Только один из домочадцев, казалось, был сам не свой. Нахмуренный в тревоге лоб искажал благородный лик доктора Финлея; взгляд стал затуманенным и отстраненным. Не раз, когда доктор Камерон обращался к Финлею, тот, вздрогнув, бормотал извиняющимся тоном: «Что вы сказали, сэр?»

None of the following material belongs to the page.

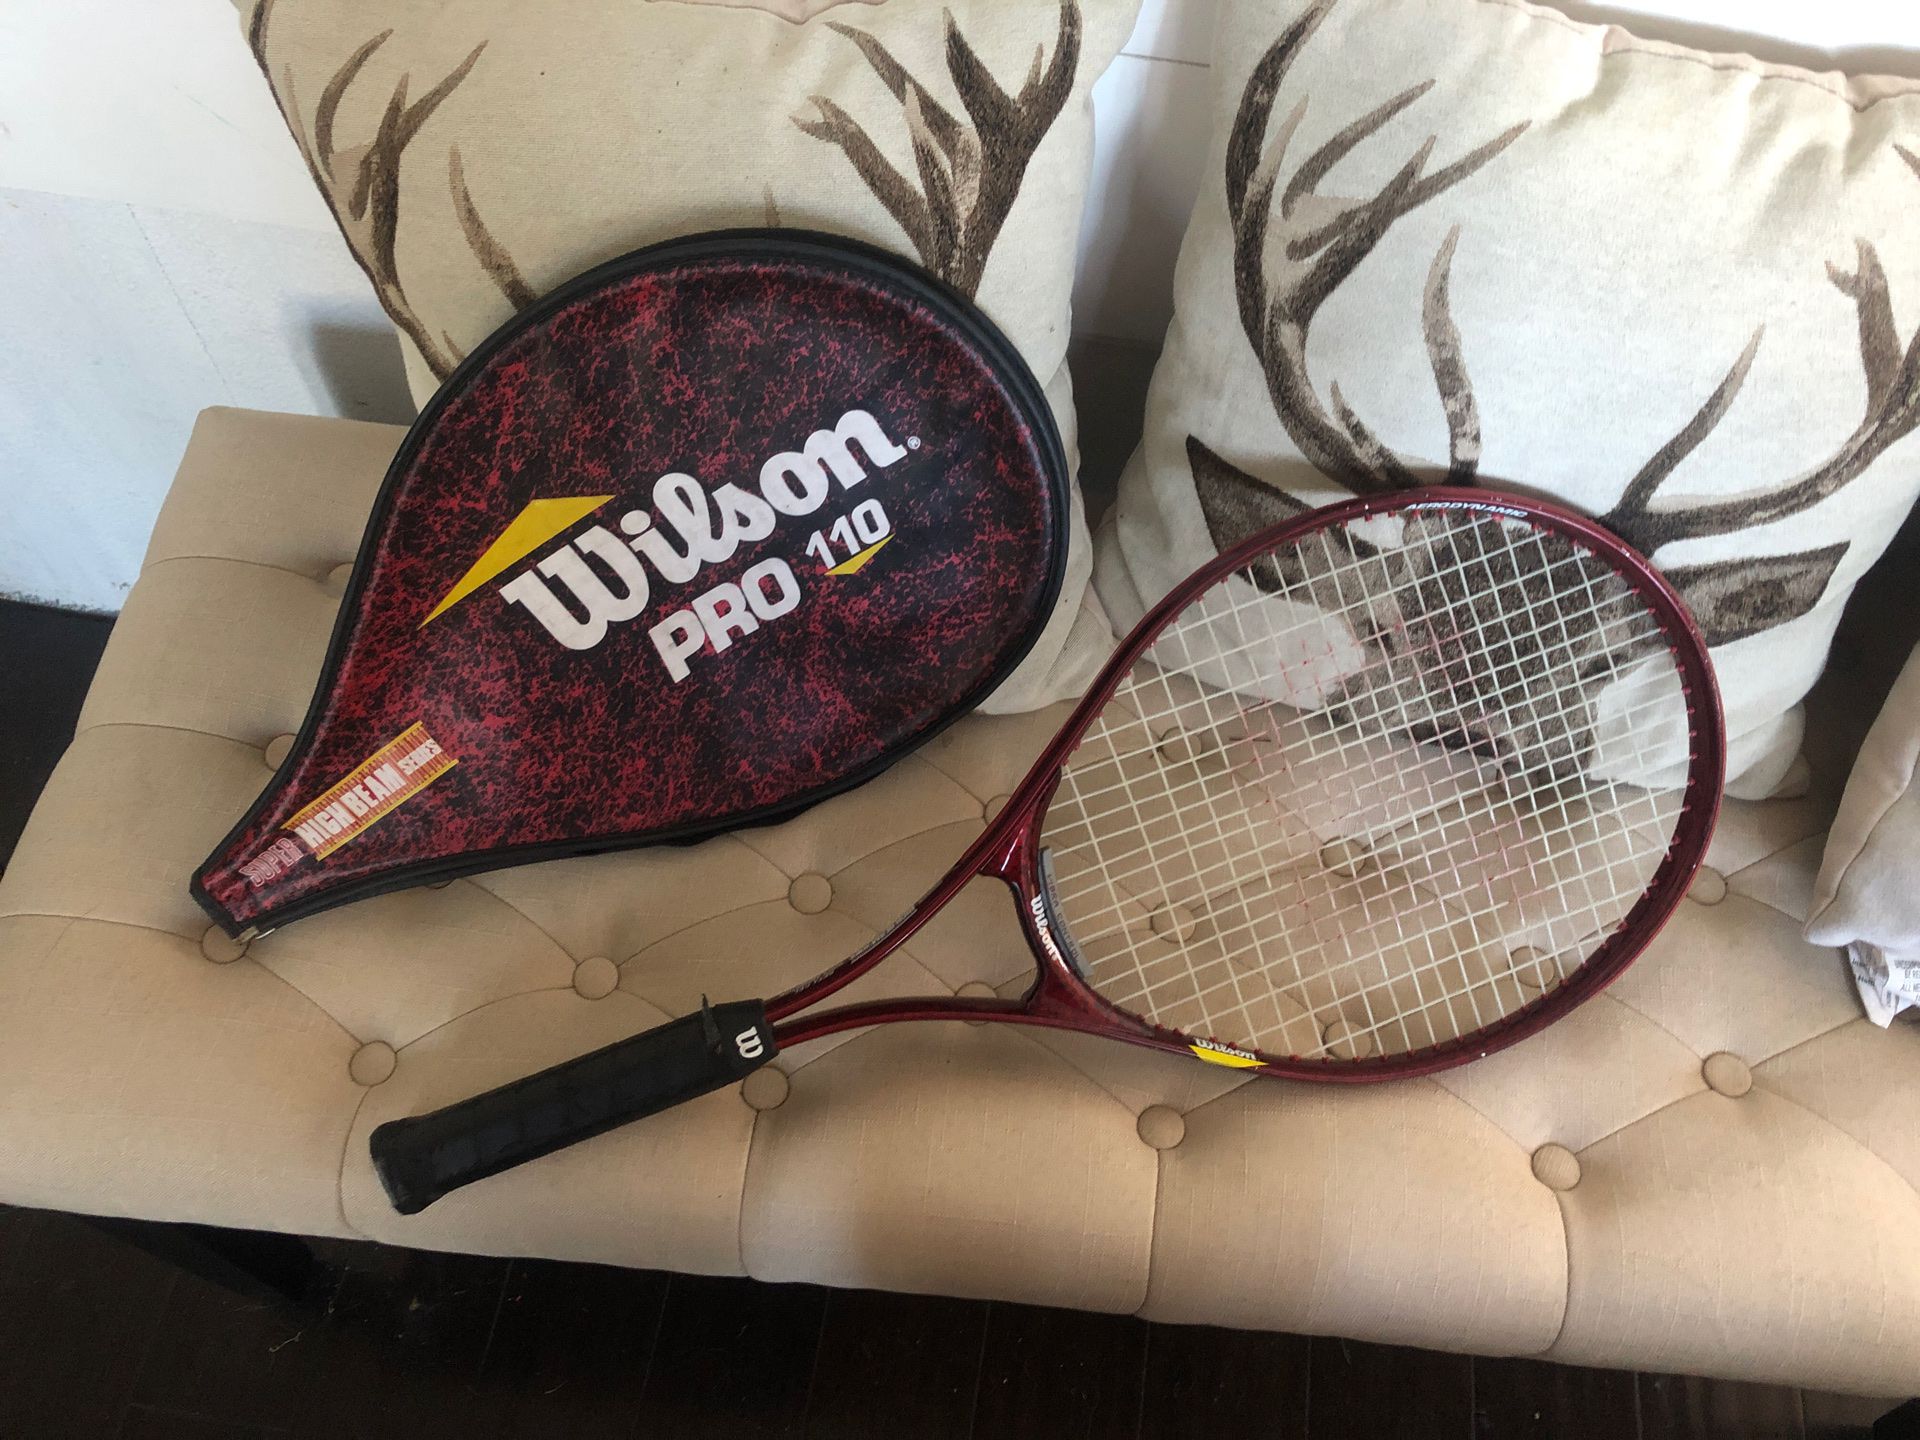 Wilson pro 110 tennis racket

Опыт показывал, что потревожить Финлея в таком рефлексивном состоянии означало огрести неприятности. Если бы, например, какой-нибудь знакомый, встретив его на улице, спросил с доброжелательной улыбкой: «О чем задумался, Финлей, старина?» – то мог бы получить сердитый и совершенно неожиданный ответ: «О чем – это мое дело, а ты бы лучше думал о своем». Подобной грубостью Финлей оставлял за собой право самому решать свои проблемы и, когда представится возможность, действовать так, как он считал разумным и правильным.

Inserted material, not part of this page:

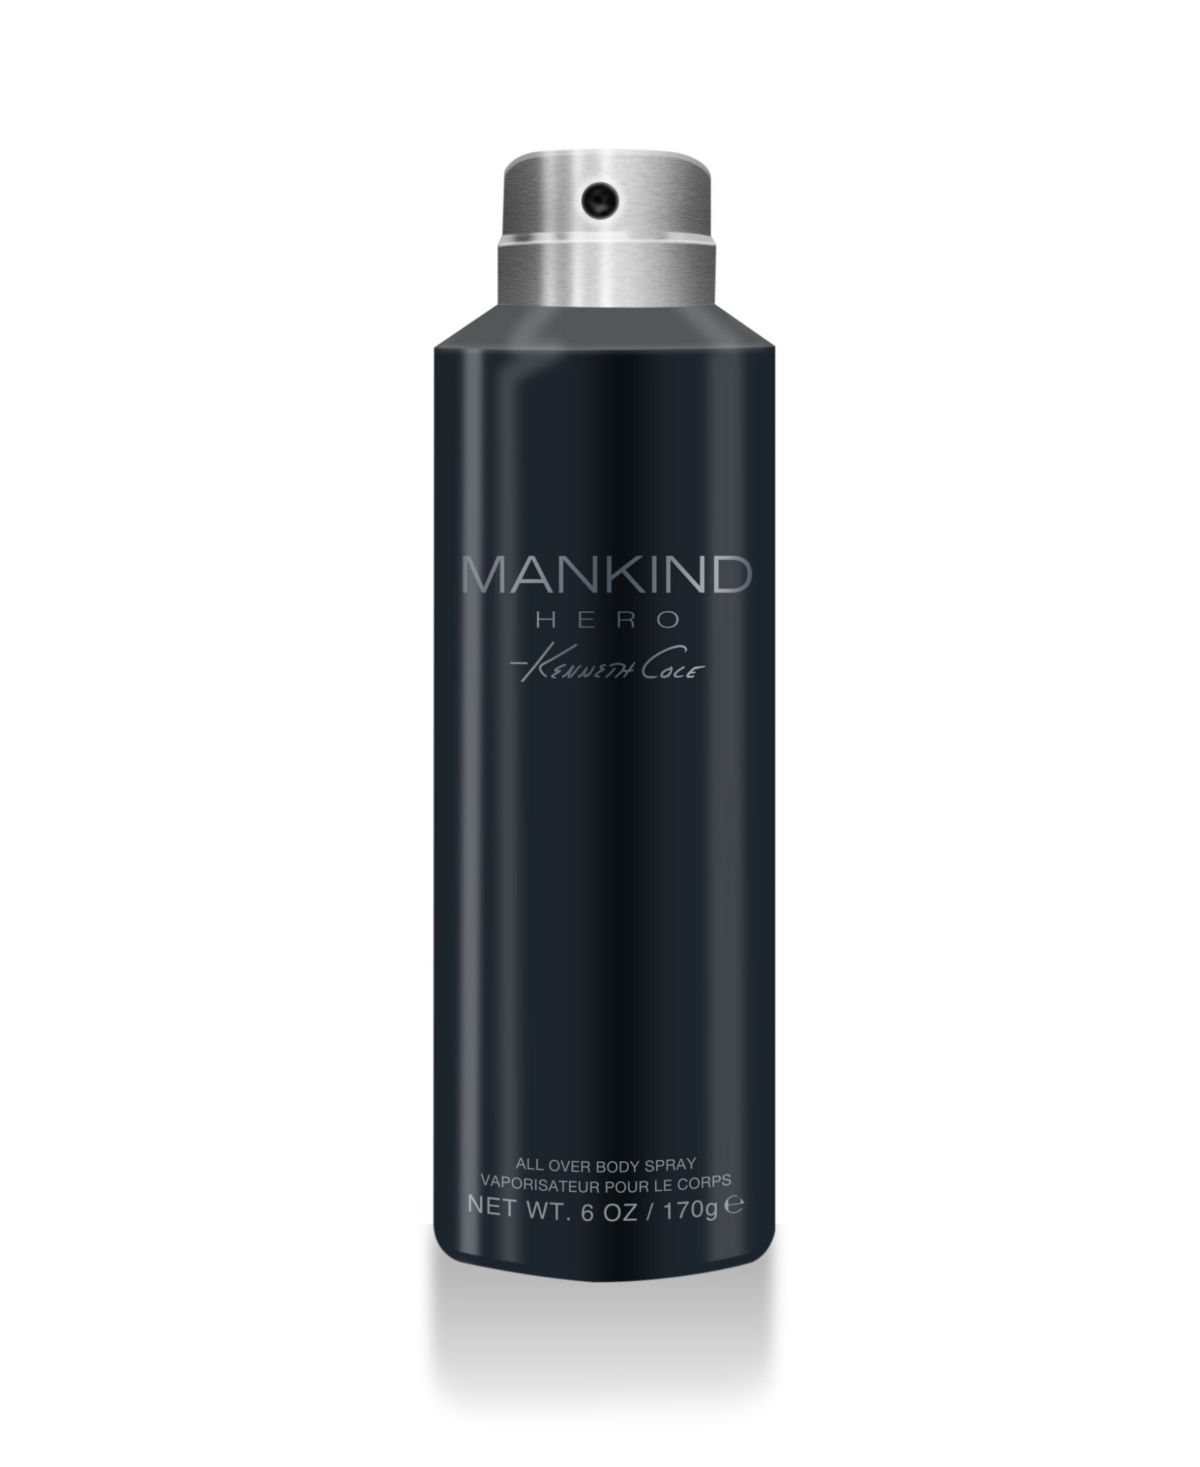 Kenneth Cole Men's Mankind Hero Body Spray, 8 oz - Black

Дней через десять Финлей вошел в заведение Роберта Бьюкенена «Стрижка и бритье» и спокойно уселся ждать своей очереди. Ждать особо не пришлось, так как Финлей был теперь признанной и уважаемой персоной в Таннохбрэ. Вскоре из своего кабинета выскочил сам Боб Бьюкенен и усадил Финлея в салоне в специальное кресло у окна.

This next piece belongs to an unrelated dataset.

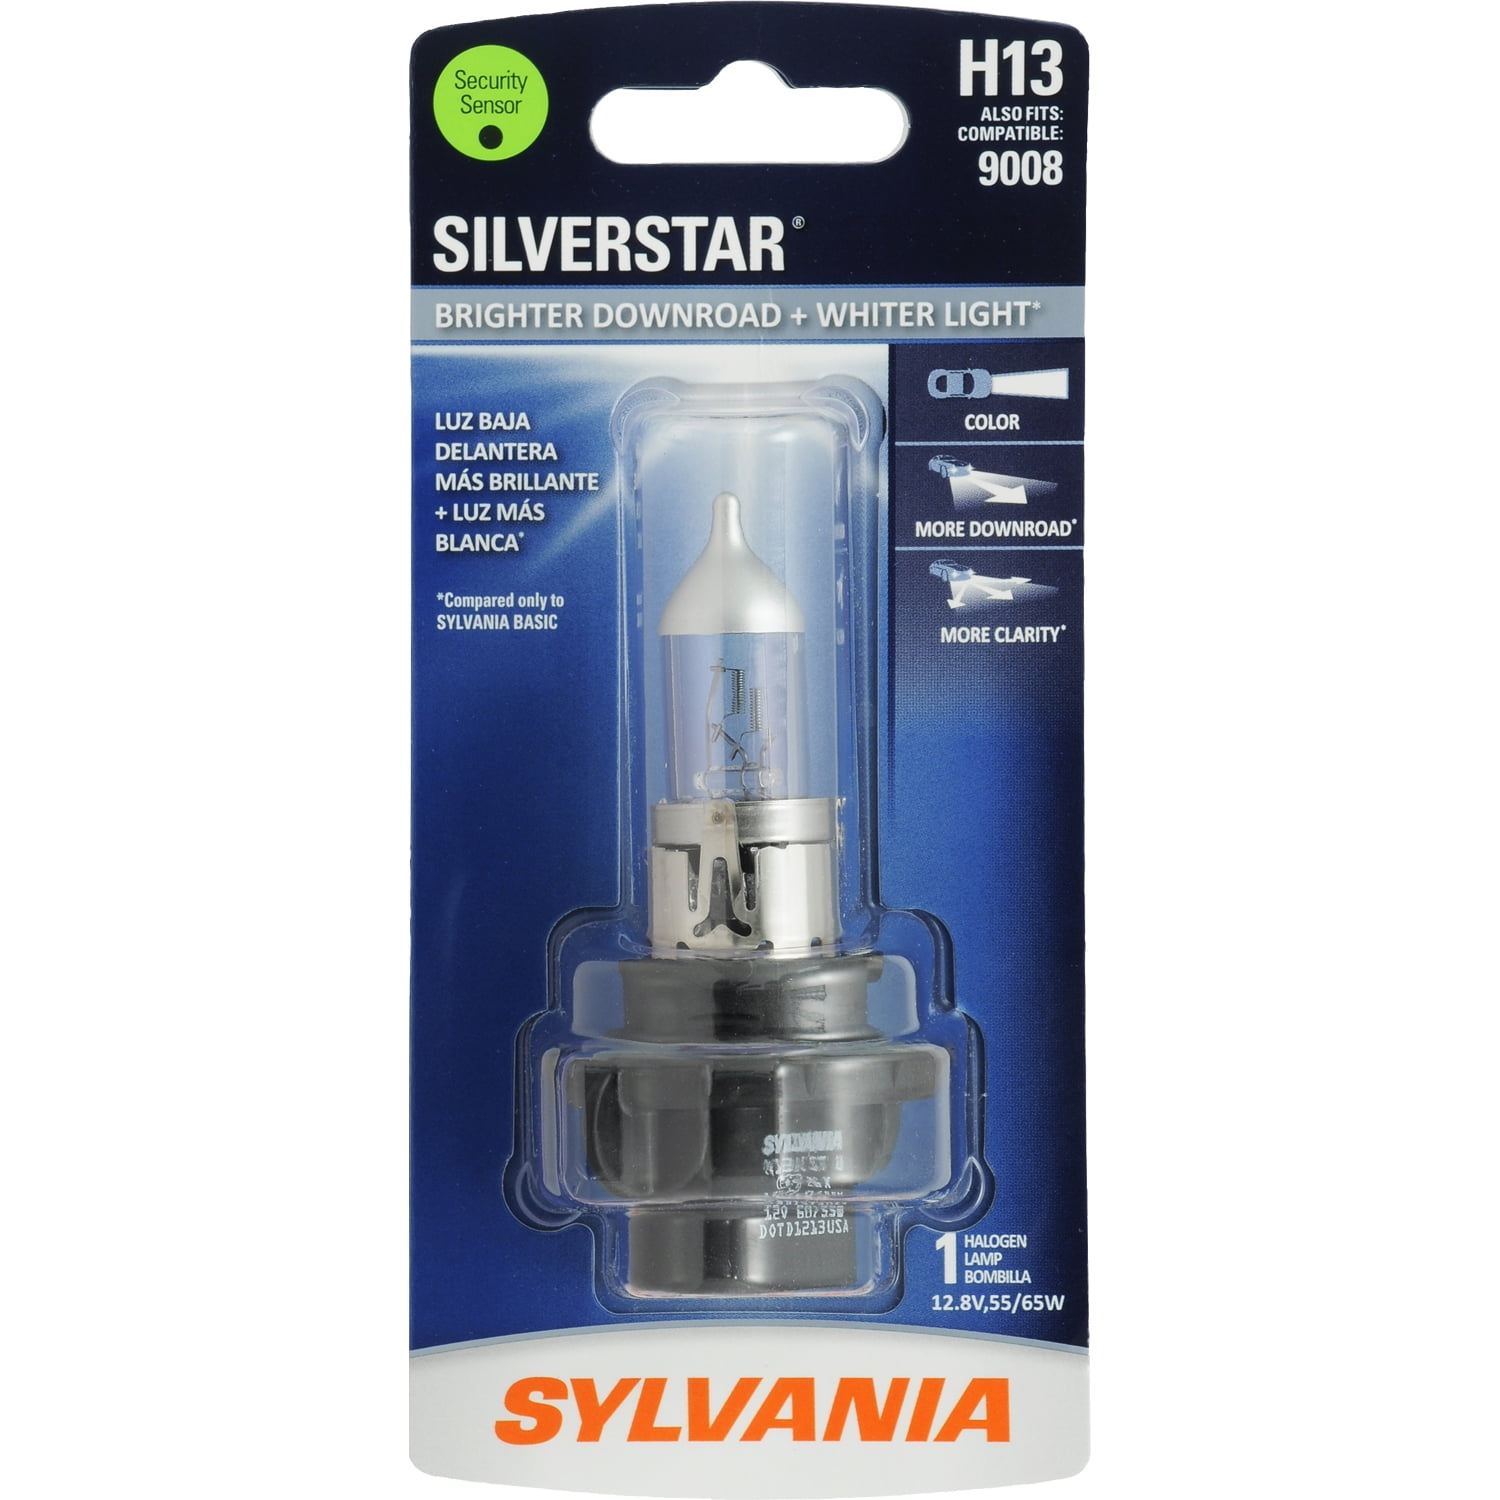 Sylvania H13 SilverStar Auto Halogen Headlight Bulb, Pack of 1.

– Как обычно, Финлей? Постричь и подровнять?
– Да, пожалуйста, Боб. Но сначала я хотел бы извиниться за то, как обошлась с твоей прекрасной дочерью наша ревнивая старая экономка. Она просто не могла вынести, что твоя милая девочка так легко исполняет все то, что у нее самой вызывало только стоны и жалобы.
– Да, Бесс – хорошая девушка, хотя в последнее время что-то с ней не так. Имей в виду, Финлей, ей нравилось работать у вас, и она надеялась, что ты научишь ее аптечному делу.
– И так бы оно и было, Боб. Я представляю себе мир твоей дочери и, конечно же, помог бы ей стать фармацевтом. А вообще, именно потому, что я так высоко ее ценю, мне хотелось бы, с твоего позволения, сегодня поговорить о ней. Что ты как отец, Боб, думаешь о детях – мальчиках и девочках, – получающих без согласия родителей полное, окончательное и неограниченное знание друг о друге?
Боб был так удивлен, что даже перестал стричь.
– Ну, Финлей, я… я думаю, что на самом деле это было бы гнусно, отвратительно и грешно.
– Мои взгляды точно такие же. Парню тут хоть бы что: он может жениться на девушке, а может и не жениться. Но для девушки – это крушение всего святого и может запросто закончиться катастрофой. Что подумают в Таннохбрэ о милой юной девушке, которая выйдет на улицу с маленьким бастардом в коляске?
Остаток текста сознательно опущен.